Letting Go of the Black Sweater

We're having a garage sale on Saturday and, in preparation, I decided to go through the two wardrobe boxes languishing in our basement. Both were full of clothes I'd left down there when we moved a year and a half ago—clothes I wasn't sure I'd fit into, post-baby #2, as well as some seasonal items. As I was digging through one of the boxes, I found it: a black sweater with faux-fur panels down the front.

I bought that sweater two winters ago. That was the winter I was pregnant with baby #2. It was also the winter that my mother died.

There isn't anything special about that sweater. It's not a designer brand, it wasn't expensive; I'm pretty sure I bought it at H&M. But I bought that sweater because wearing it made me feel tough and edgy. Strong. And that was a time when I desperately needed strength.

I remember wearing that sweater to the hospice to visit my mom. It was January, and the weather was bitterly cold. We knew it was a matter of days, at that point, so my family took shifts: we'd sit at her bedside for a while, then drink tea in the hospice's kitchen or wander aimlessly down the nearby country roads. My mother was already so far gone that I wondered if she even knew we were there.

As she struggled for breath, I was struggling, too. Dealing with the nausea and fatigue of the first trimester, I also had to deal with the waves of sadness that crashed over me in the middle of the night. For me, those two events—my pregnancy with baby #2 and my mom's death—are forever intertwined. 

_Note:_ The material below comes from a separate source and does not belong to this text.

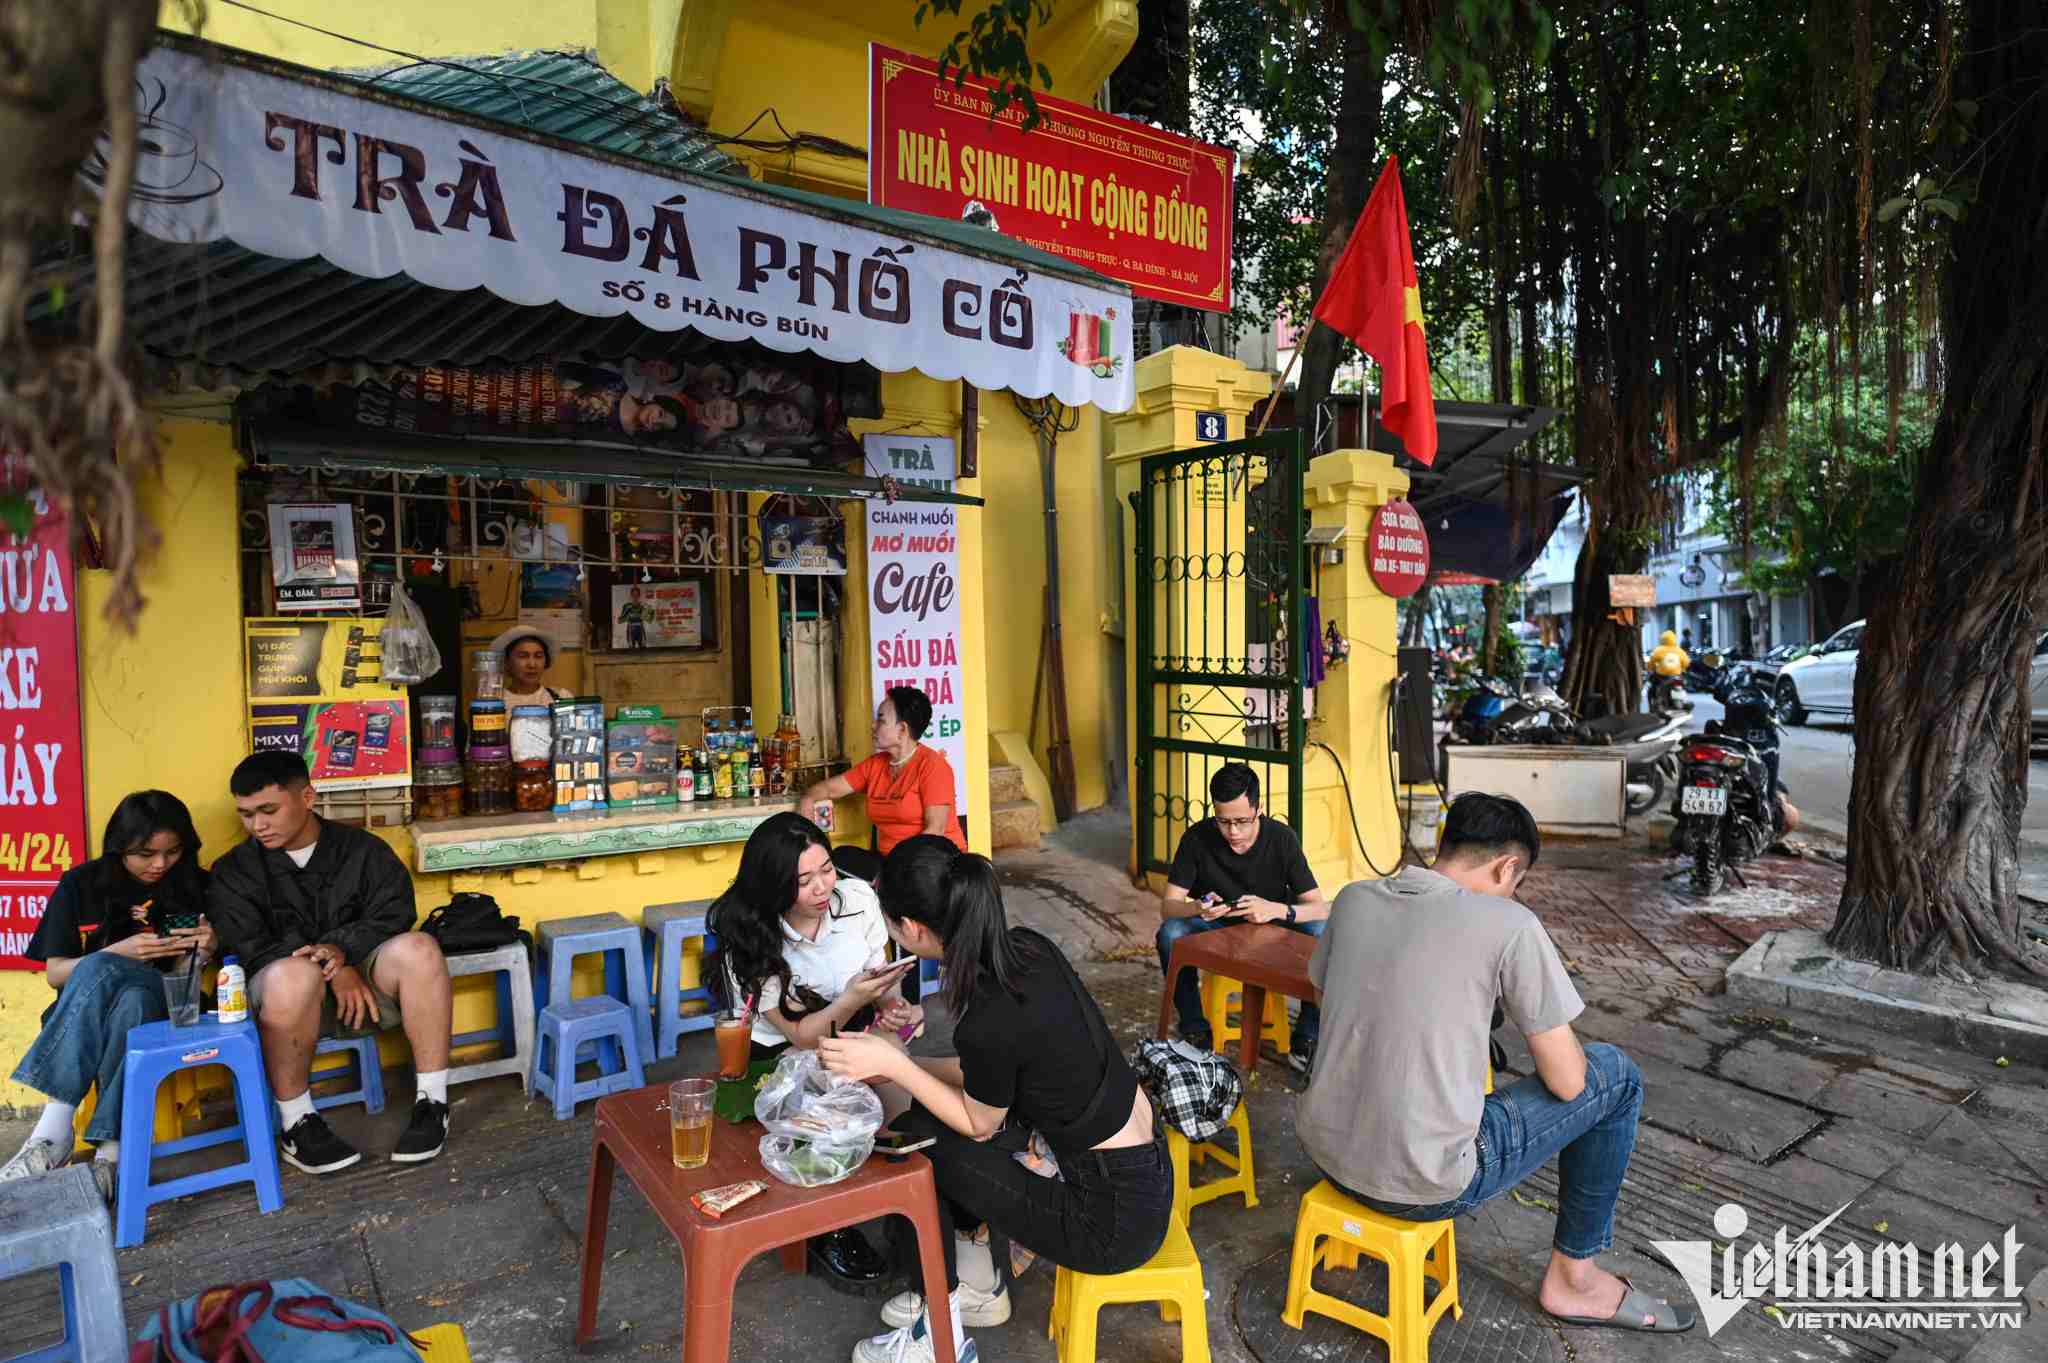 Vietnamese drinks - Trà đá vỉa hè

That sweater is a reminder of a particularly hard time in my life. But more importantly, it's a reminder that I got through it. And today, I no longer need that physical "armour" to feel strong.

 I am strong.

So I'll gladly put the black sweater out on Saturday with my other discarded clothes. I'm done with it now; someone else can have it. I hope it gives them the same strength it gave me.